= John Bedford =

English iron worker and industrialist

John Bedford (c. 1720–1791) was an English iron worker and industrialist.

==Life==
He was born in Birmingham to John and Sarah Bedford, and followed his father into the iron trade to become a japanner in 1748.

Bedford was perhaps best known for his work in the Mid Glamorgan area of South Wales, but he did not move there directly from his native Birmingham. His career progressed and by 1765 he had moved from Birmingham to Trostrey, in Monmouthshire, and was the manager of a forge. His property and business interests in Birmingham were now managed by his father and it was the sale of one of his properties that financed the purchase of a forge at Rogerstone, South Wales.

He remained there until 1770 when he bought an 80 acre estate in Cefn Cribwr, near Bridgend, where he planned to establish not only an iron works, complete with blast furnace and forge, but also the collieries, brickworks, mines and stone quarries to support it. Bedford, it seems, brought a sum of £36,000 to fund this venture and was possibly attracted to the area by the availability of local raw materials and its proximity to the sea via the harbor town of Porthcawl.

The venture failed to reach its full potential due to a number of factors, which included John Bedford's own eccentricity, the geographic position of the iron works, his reliance on borrowing and his lack of business acumen. His correspondence indicates that he was more interested in experimentation and development of the iron making techniques than running a viable business. Also apparent through his manuscripts of 1786 was his romantic thoughts about architecture, where he believed aesthetic beauty as important as functionality.

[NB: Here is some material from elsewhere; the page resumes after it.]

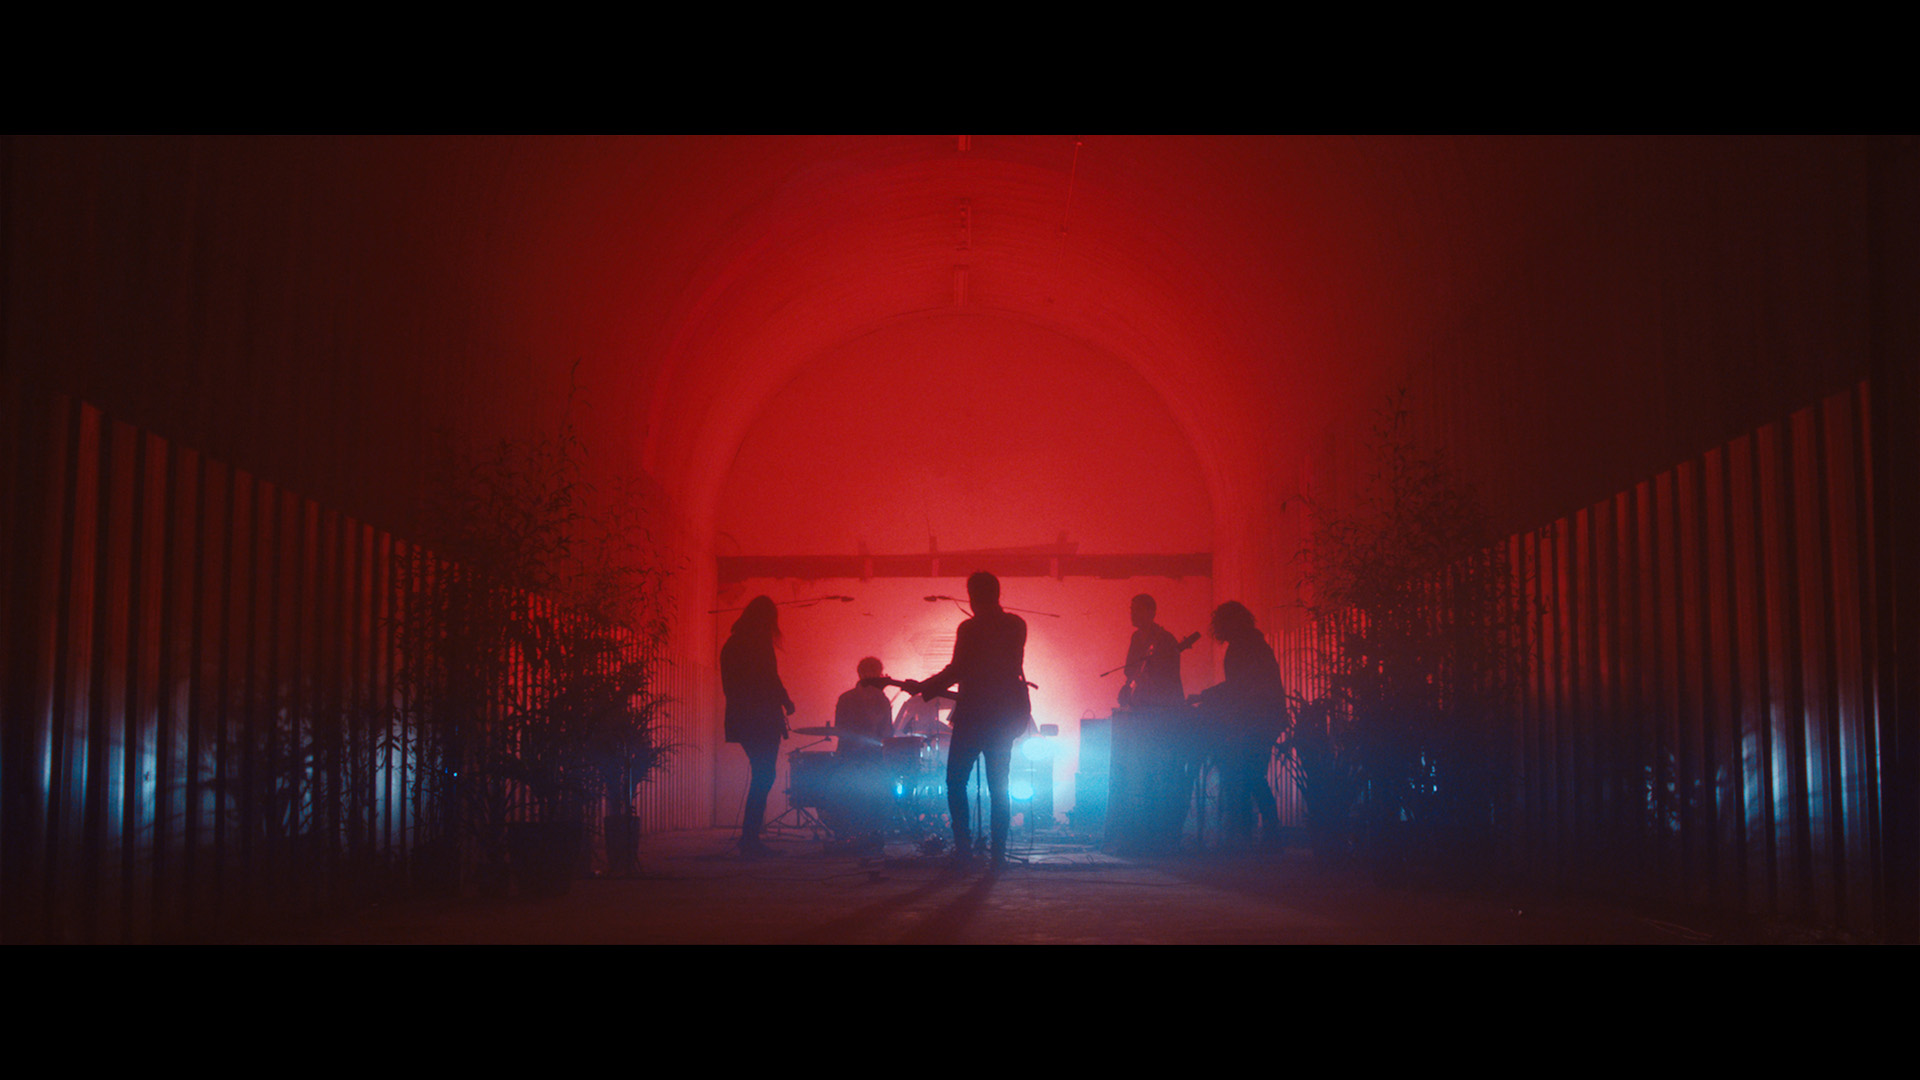 Imperial Daze - 'All On Me'  Set Designer
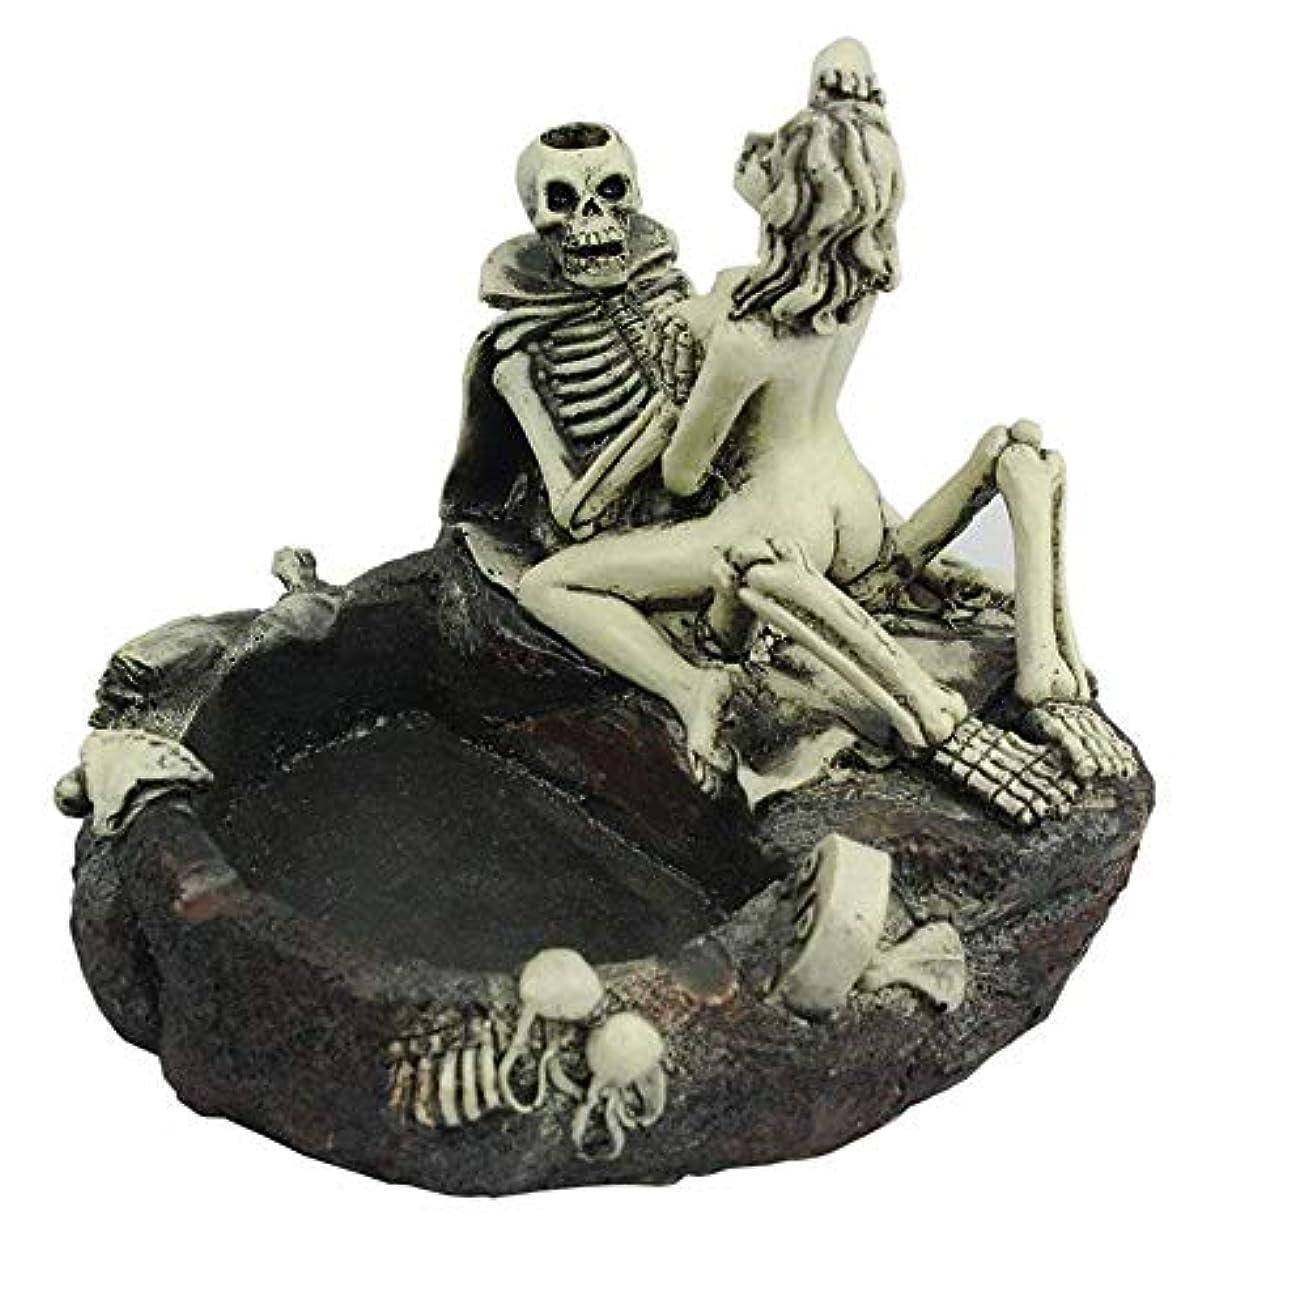 知覚できる海藻より平らな創造的な人格スケルトンのテーマ灰皿のスケルトン美しさの楽しい灰皿ボーイフレンドの楽しい装飾のギフトを送る

Although not renowned for his success on business side of iron making he was recognised for his contributions to the iron industry through the vast amount of correspondence he left, now held at the National Library of Wales, Aberystwyth.

John Bedford died on 30 September 1791, at Digbeth, Birmingham, and was buried at Marston Chapel, Hall Green, Birmingham.

His estate was divided between his wife and children and an area of his Cefn Cribwr estate was named Bedford Park, as a dedication to him. After his death the iron works and mine were sold off but the iron working continued until 1836. The brick making and coal mining, however, continued.

His great-grandson was famed aeronautics engineer, Sir Morien Morgan.